I built a new compute image for ce8i5 with main + my 17755-add-singularity-to-compute-image branch at c2aceca339ec3a6f3d853865cebd0efe348ff518, image id: ce8i5-compute-v1627063559
The diagnostics workflow worked fine, as before: https://workbench.ce8i5.arvadosapi.com/container_requests/ce8i5-xvhdp-6f6xwvqpjhusey0
Re-running one of the cwl tests that failed last time succeeded:
https://workbench.ce8i5.arvadosapi.com/container_requests/ce8i5-xvhdp-wqwktdy4ijpvrgx#Log
I kicked off the cwl tests workflow at run-cwl-test-ce8i5: #420
It failed (errors to be checked), and it took 14 hours (!) as opposed to the normal 3+ hours.

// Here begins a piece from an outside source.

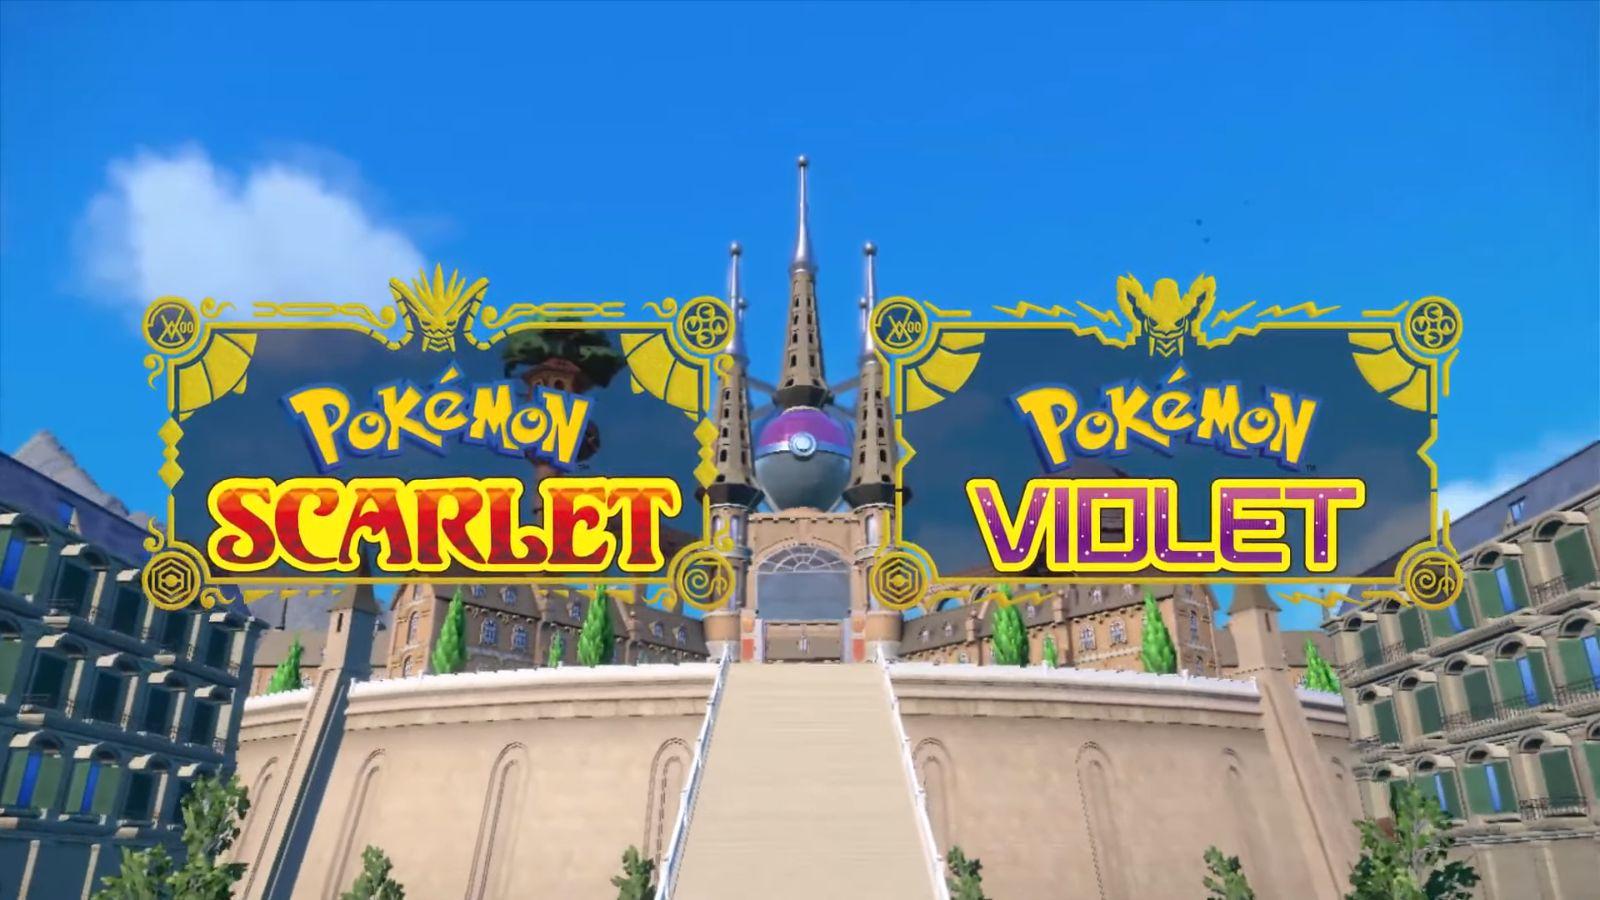 Pokemon Scarlet and Violet update 1.1.0

The next batch of singularity fixes (#17813) has been merged, which includes the fix to do the image conversion just once. The cwl tests are running against it at run-cwl-test-ce8i5: #423 . That run completed at 2 hours and 31 minutes, about 35 minutes faster than with Docker (!). One test failure remains, because we do not support the Docker ENTRYPOINT feature yet.
Updated by Peter Amstutz over 3 years ago
- Related to Idea #16305: Singularity support added
Updated by Ward Vandewege over 3 years ago
Preparing to run pirca-xvhdp-m4r8n9qmoh5ggra. The costanalyzer says these node types were used in that run on pirca:
m5.2xlarge
m5.4xlarge
m5.large
m5.xlarge
t3.small
Our quota on ce8i5 (azure) is tiny, so maybe we'll move this testing over to tordo (aws) where we have a bit more room. Building compute image with singularity for tordo at packer-build-compute-image: #138 ...
That image built, I've reconfigured tordo to use Singularity with it. I'm gathering the files needed to run this workflow at https://workbench.tordo.arvadosapi.com/projects/tordo-j7d0g-q56odvtnbo37ajt.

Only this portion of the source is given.